This isn't really relevant, but what part of the world do you live in? Spanking seems to be acceptable and expected in some parts more than others.

Your first sentence seems to imply that your daughter was the oldest and biggest child there. Was the boy 2-ish years old? My mama-bear reaction to a great, big 4 y.o. yelling at my 2 y.o. would be pretty angry. However, your child did nothing wrong. It would have been nice if she'd shared, but you know, the 2 y.o. didn't ask nicely, "may I have a turn?" It requires some self-restraint to let some one take something from you and respond calmly and gently, "I was playing with that, wait your turn please"

That woman showed an appalling lack of self-control. My hunch is that her disdain for your 'permissive' parenting practices has been building and she took this opportunity to fix it and show your son what real parenting is. However, did she truly scream? Or did was she speaking loudly, very firmly and and obviously angry? There's a difference. The thing is, I can talk to my kids like that, no one else can.









What you should have done is gotten in her face and screamed, "YOU may not EVER yell at my child, or anyone else's child! You are a bad woman and you deserve a kick in the ass! However, I'm a grown up, and grown ups DON"T HIT CHILDREN." I'm kidding.

If you call her don't ask her to respect your parenting choices. She doesn't, and never will. Tell her that she may not ever speak to your child again, do not interact with her, if she has a problem take it up with you.
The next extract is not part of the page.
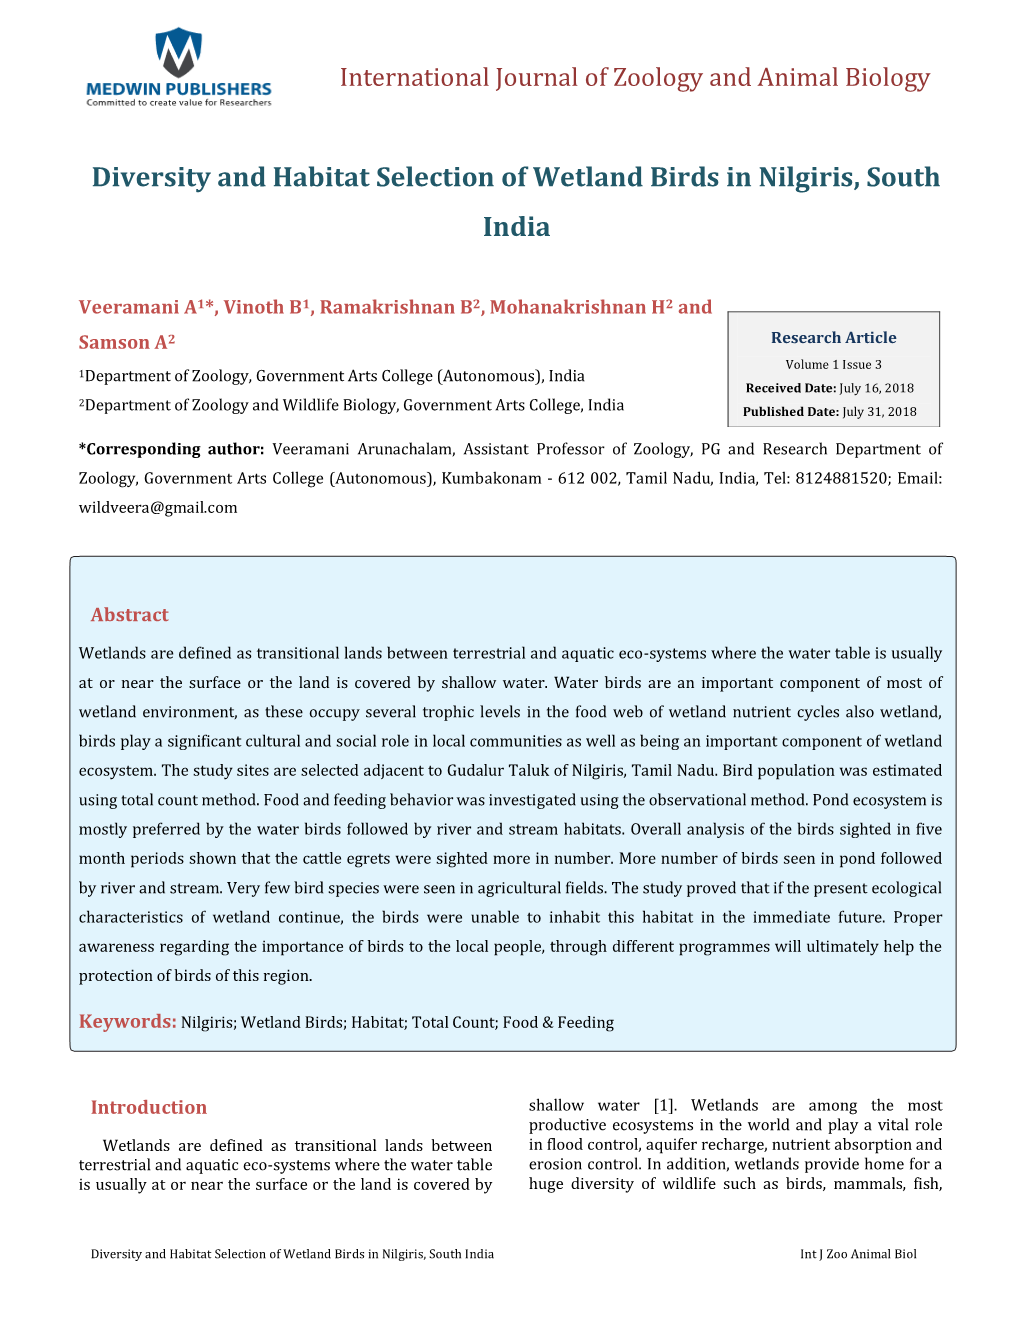 Diversity and Habitat Selection of Wetland Birds in Nilgiris, South India

Agreed with the above, that now is the time to learn how to confront people who mess with your child. It's kind of a universal parenting stage: after years of telling ourselves it's not OK to confront people, that it's not nice if we get righteously angry -- there is actually a time and a place for it. I went through this interesting transition too, when my kid was little, where I learned how to speak up firmly for my child.


----------



## Imakcerka (Jul 26, 2011)

It's best to get in the moms face and flick her nose. Always causes a bit of bewilderment!

Quote:


> Originally Posted by *journeymom*
> 
> This isn't really relevant, but what part of the world do you live in? Spanking seems to be acceptable and expected in some parts more than others.
> 
> ...


----------



## journeymom (Apr 2, 2002)

Quote:


> Originally Posted by *Imakcerka*
> 
> It's best to get in the moms face and flick her nose. Always causes a bit of bewilderment!


Perhaps a rolled-up news paper.


----------



## librarymommy (May 5, 2011)

Journeymom, love your comment! I'll need to remember that. And yes, she screamed, louder than my dd. Who of course was very confused wondering why she is not allowed to scream and adults are. She and I talked about what happened and she seemed to quickly shrug it off, but I am going to be keeping a very close eye on her and everyone else at playgroup from now on, as well as be MUCH MORE assertive myself. BTW, I live in S. FL.
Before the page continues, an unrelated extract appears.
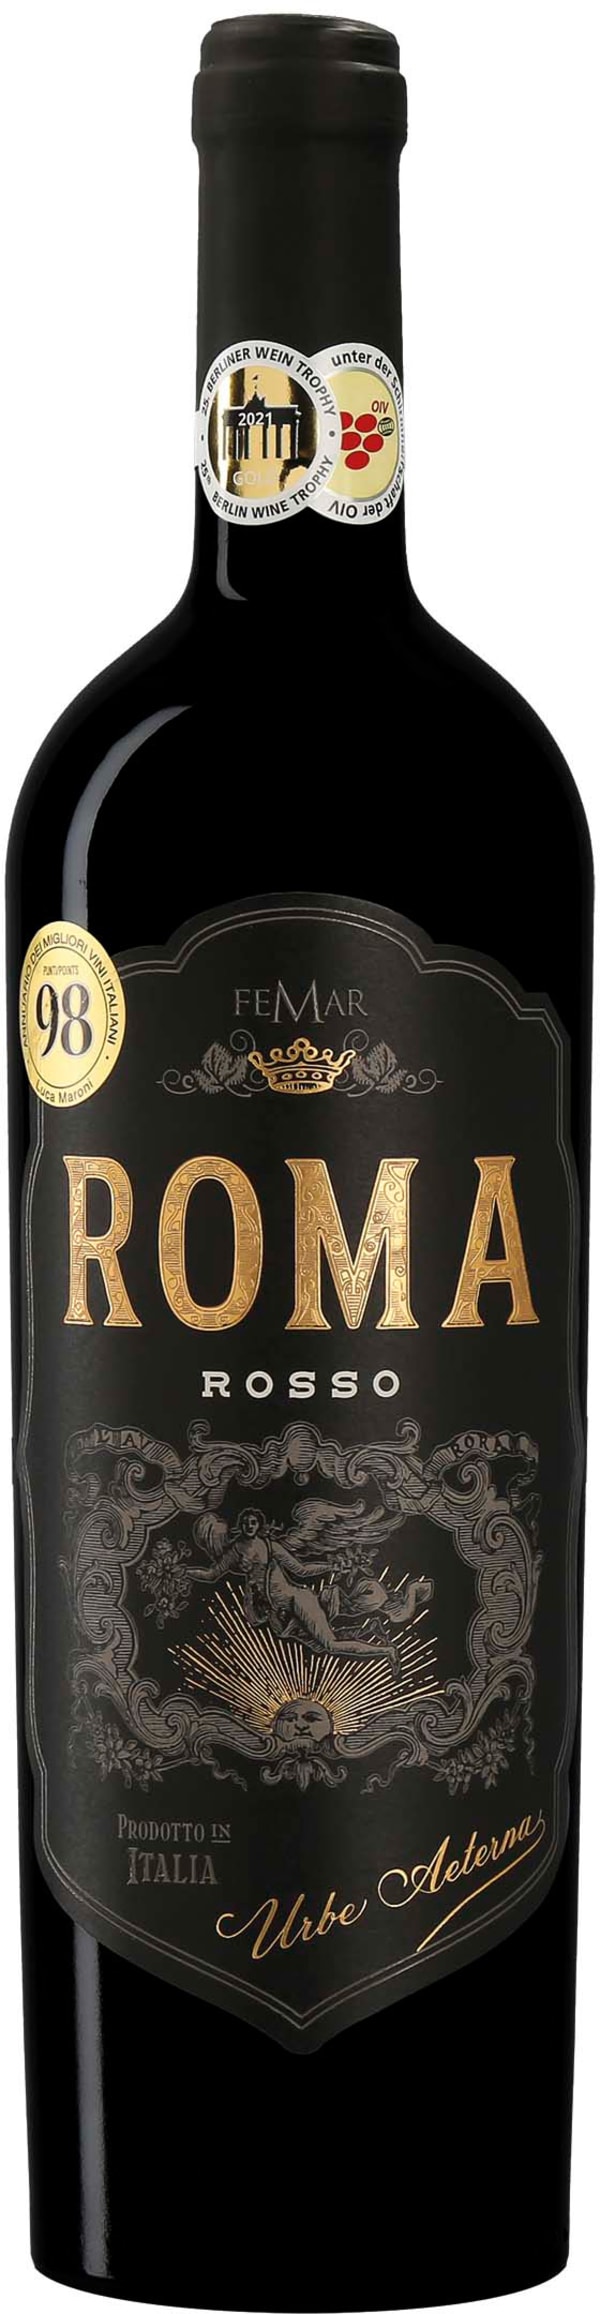 Femar Urbe Aeterna Roma Alko | Rosso 2019

And I do understand that as the eldest child (but not the largest, she's small for her age), my dd does need to model the best behavior. We have been working with her about using inside voices.

I would have been completely ok with it if she had said (said, not screamed) my son doesn't like it when you scream at him or something along those lines. If you quietly and gently correct my child, good. She needs to hear it from others as well as me. But screaming and telling her she's a bad girl, I don't ever do that. Not even the couple of times I've lost it and yelled I haven't been that loud. I was completely dumbfounded, and from the looks on their faces, so were the other moms.


----------



## librarymommy (May 5, 2011)

Quote:


> Originally Posted by *journeymom*
> 
> Perhaps a rolled-up news paper.


Quote:


> Originally Posted by *Imakcerka*
> 
> It's best to get in the moms face and flick her nose. Always causes a bit of bewilderment!


Love it! Thanks!


----------



## dogretro (Jun 17, 2008)

There is nothing strange or inappropriate about your daughter yelling at this little boy. My daughter is almost four, her sister is almost two, and she just did some yelling at an almost 2 yr old boy at playgroup (which I was hosting at our house!) this past week. The other mother did not say anything, totally let me handle it, as she should have. It was MY daughter being nasty to this boy, MY job to handle it. Now, he also has an almost four sister, so he was not fazed by my dd's yelling, but that is not the point. Our kids are not allowed to hit, of course they are going to yell. They have not become that advanced yet.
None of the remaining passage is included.